* _Exercise_: From the first line to the last, copy the listing exactly and omit the pictures.

(Data segment)

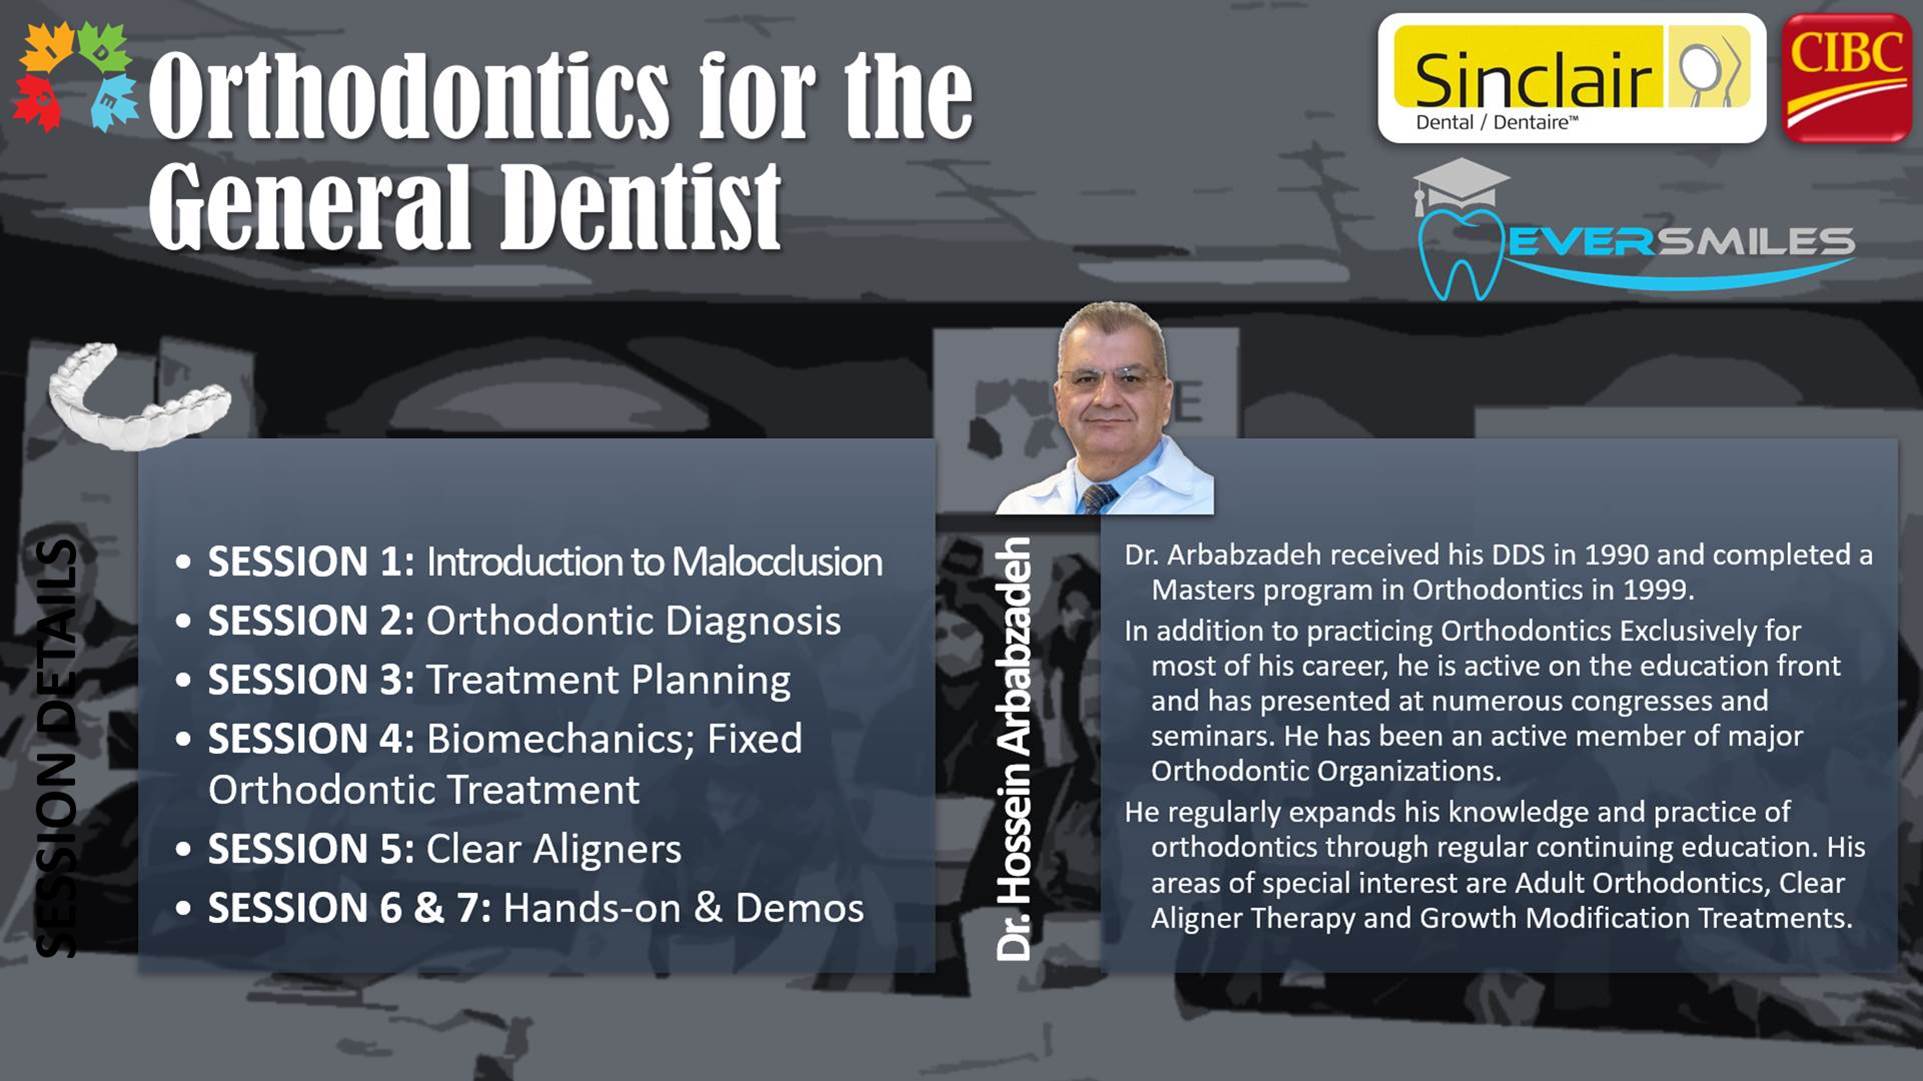 CE - orthodontics for dentist 2021 banner
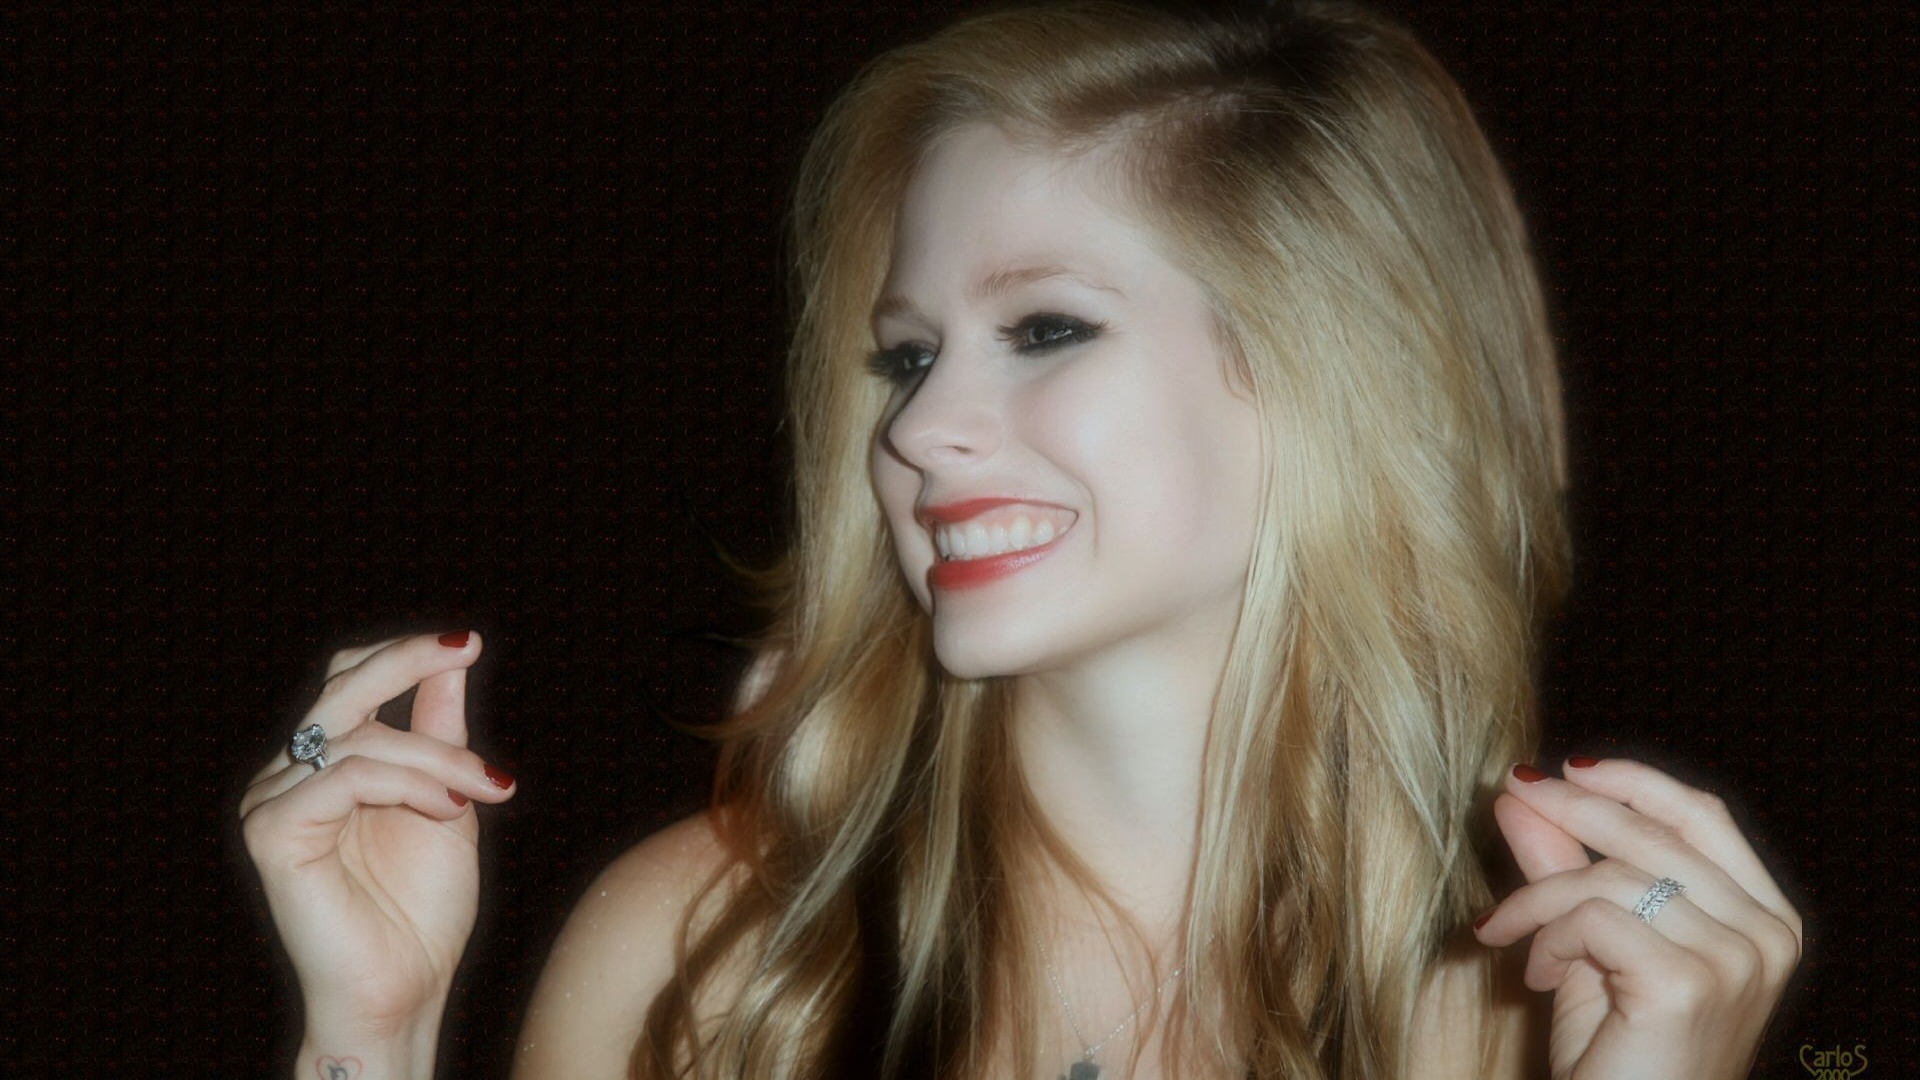 Avril Lavigne 艾薇儿·拉维妮 美女壁纸(二)12 - 1920x1080
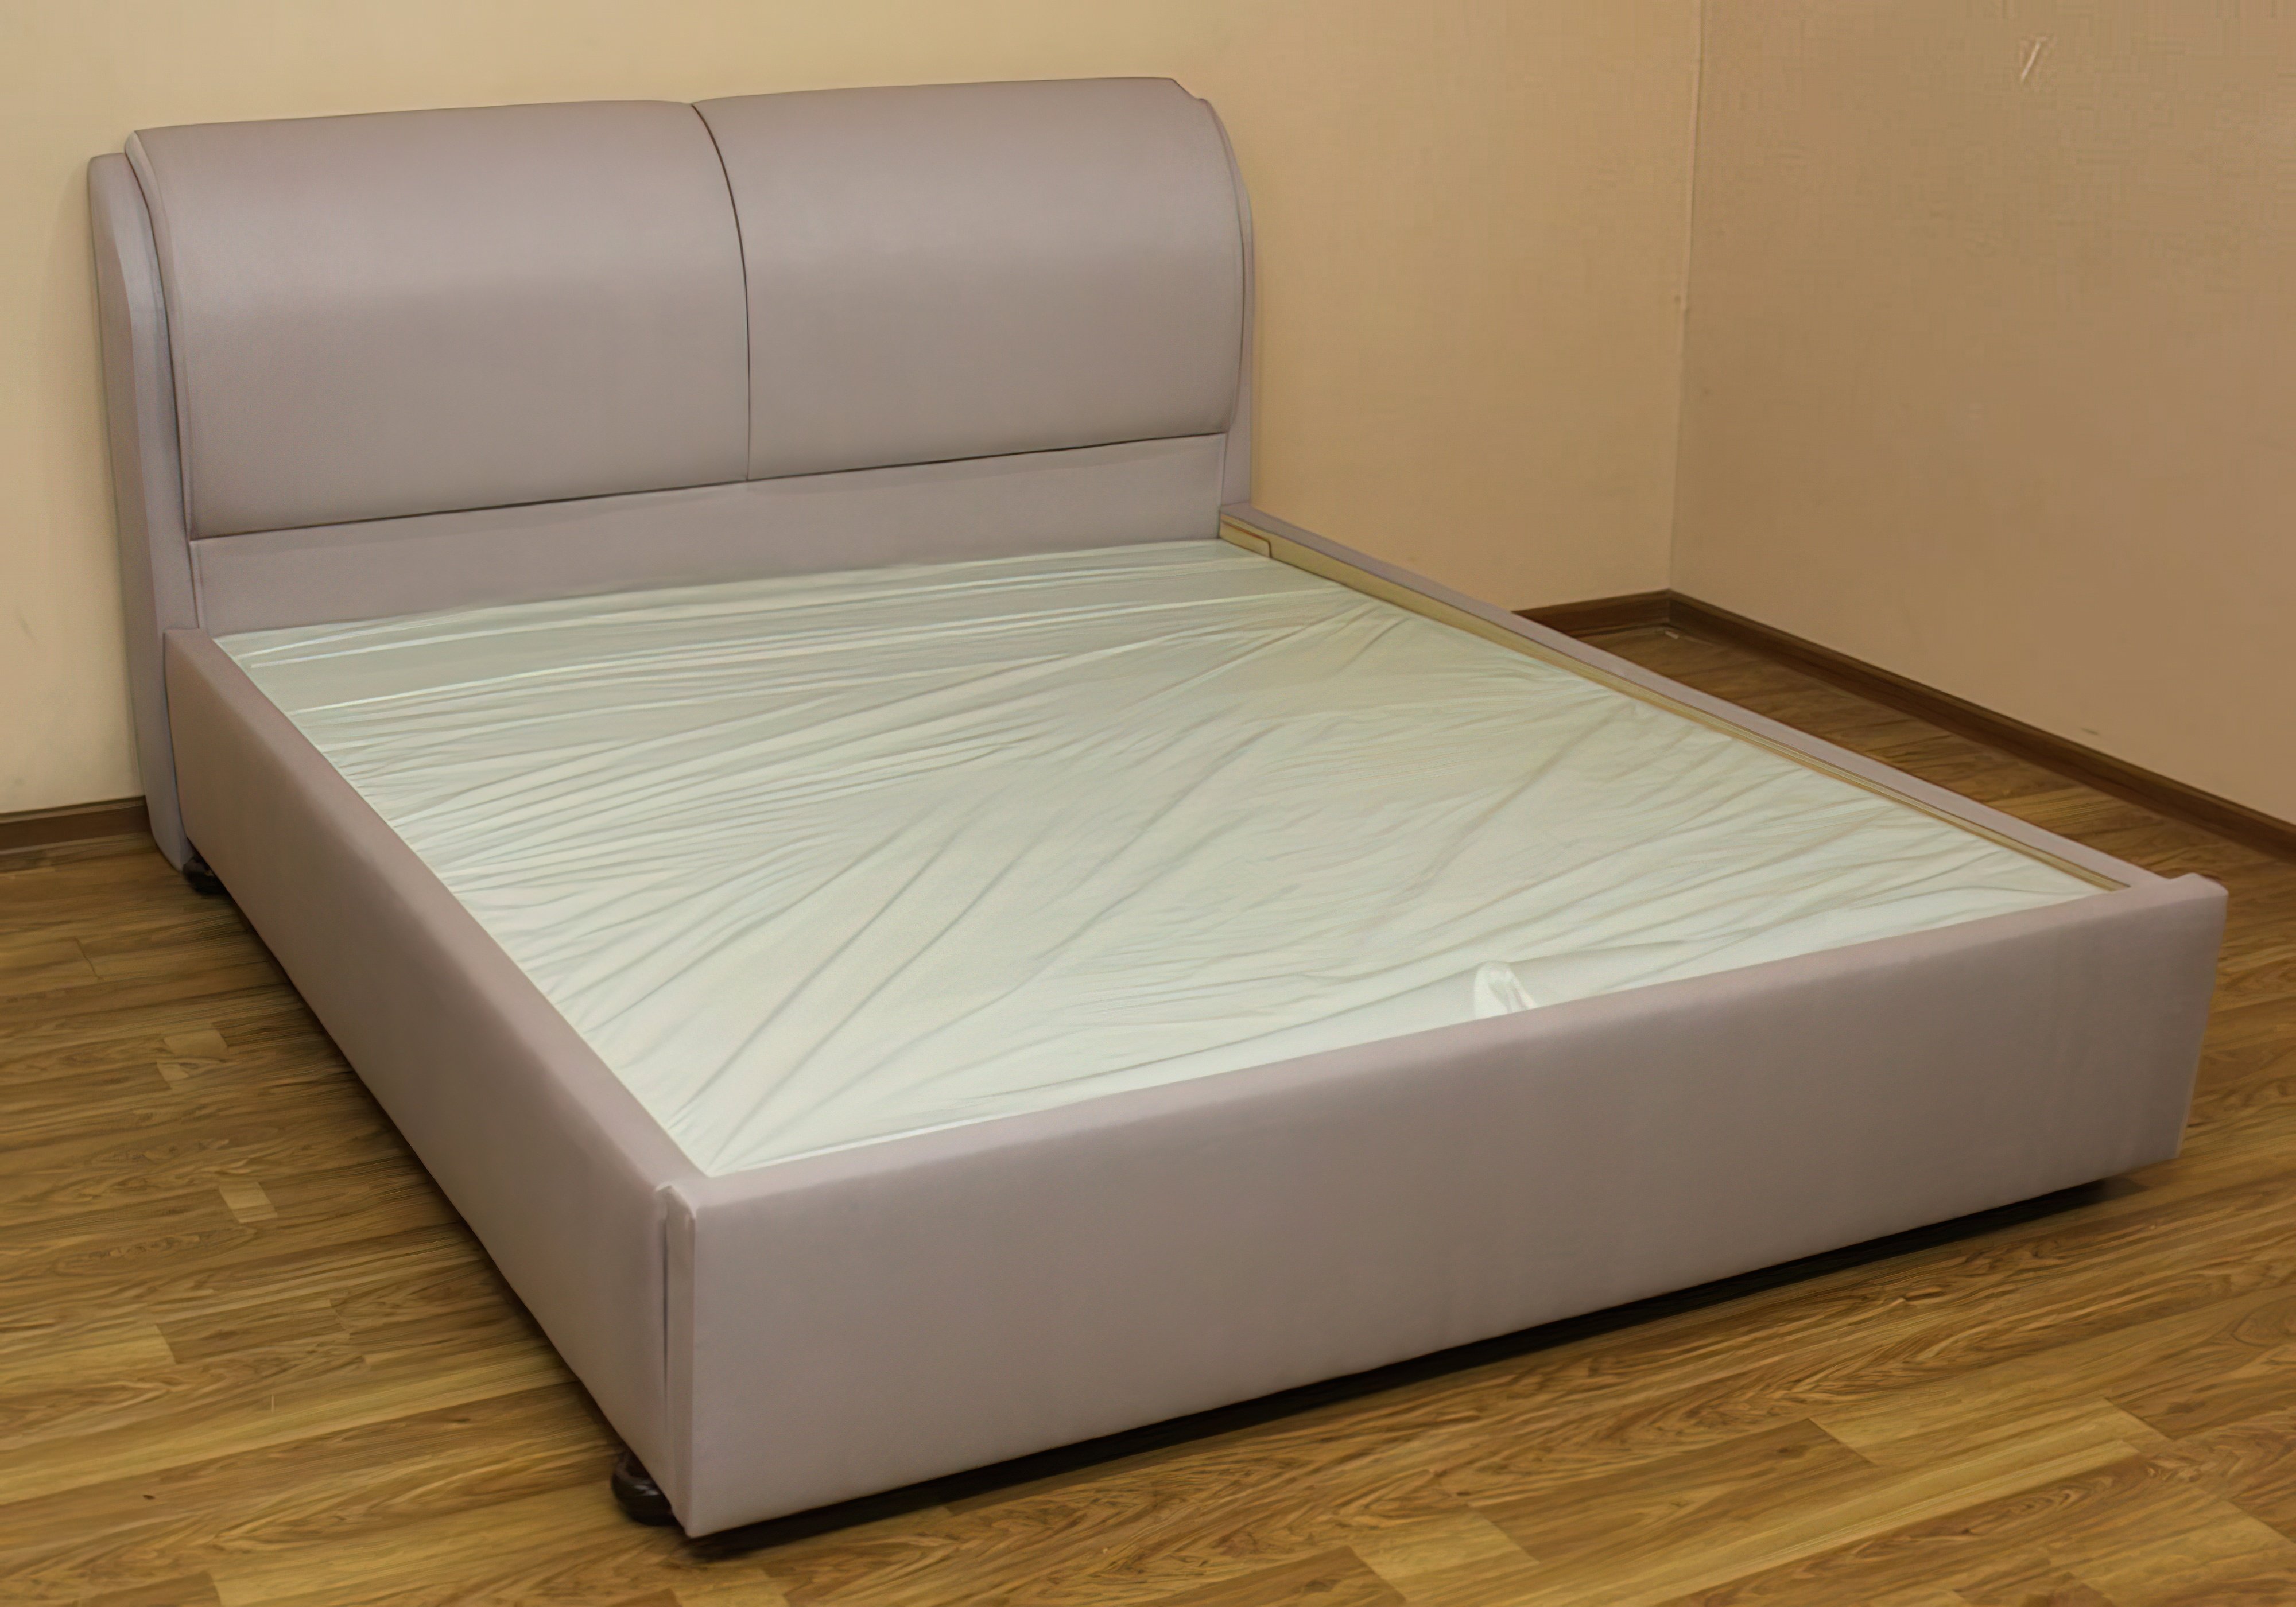  Купить Кровати с подъемным механизмом Кровать с подъемным механизмо "Афина" Катунь
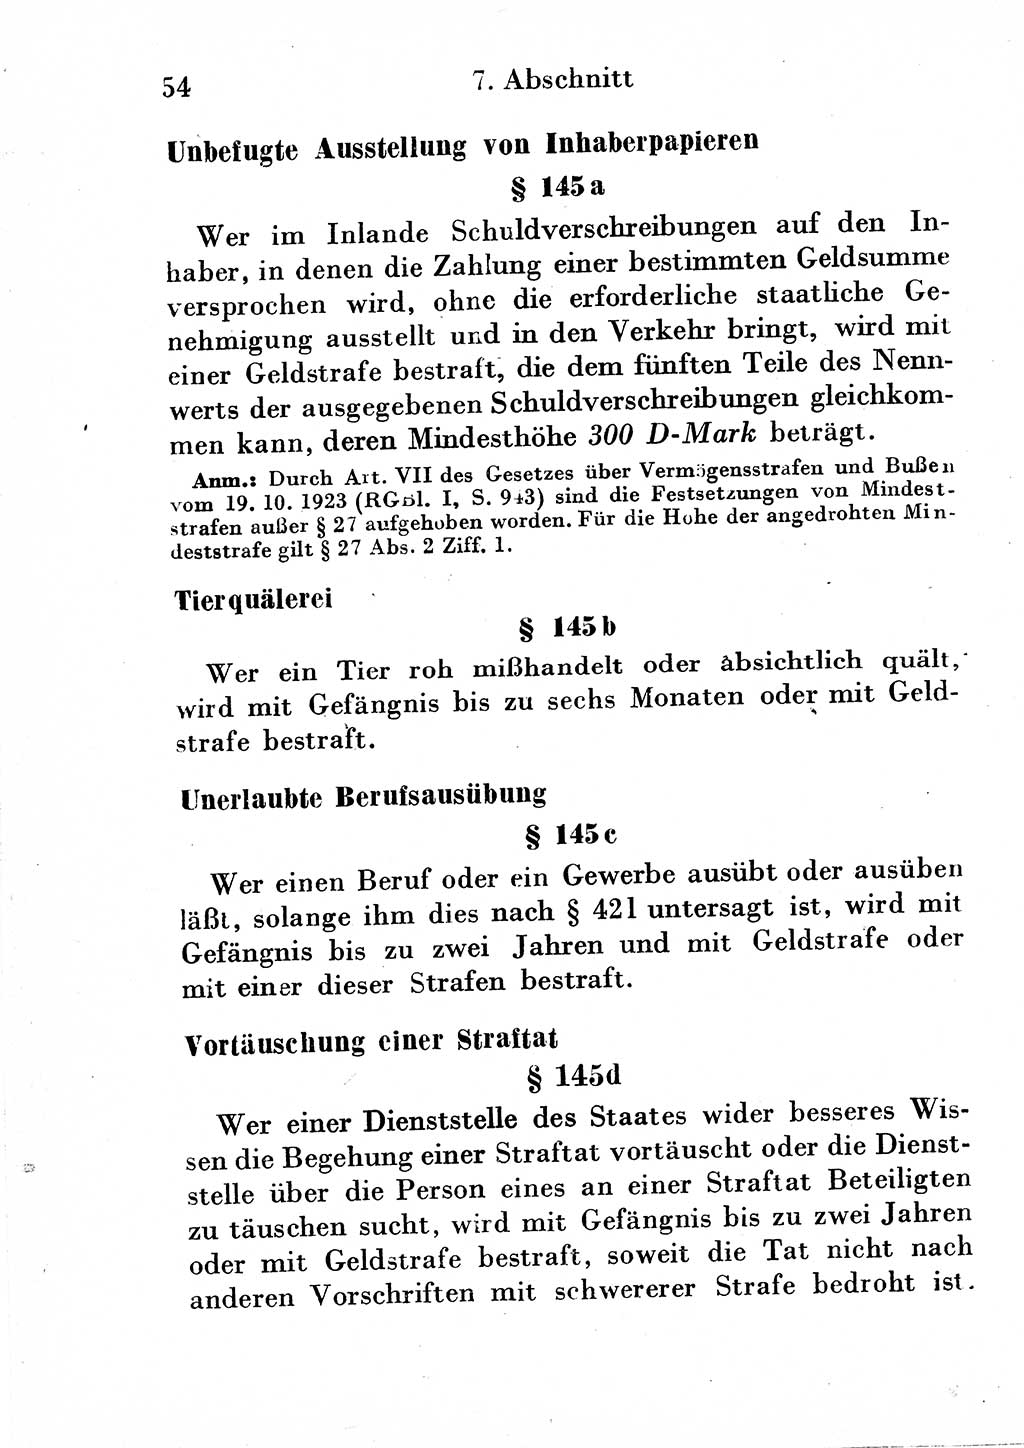 Strafgesetzbuch (StGB) und andere Strafgesetze [Deutsche Demokratische Republik (DDR)] 1954, Seite 54 (StGB Strafges. DDR 1954, S. 54)

(End Data segment)

* _Result of this task_:
 CE - orthodontics for dentist 2021 banner
 Avril Lavigne 艾薇儿·拉维妮 美女壁纸(二)12 - 1920x1080
  Купить Кровати с подъемным механизмом Кровать с подъемным механизмо "Афина" Катунь
 Strafgesetzbuch (StGB) und andere Strafgesetze [Deutsche Demokratische Republik (DDR)] 1954, Seite 54 (StGB Strafges. DDR 1954, S. 54)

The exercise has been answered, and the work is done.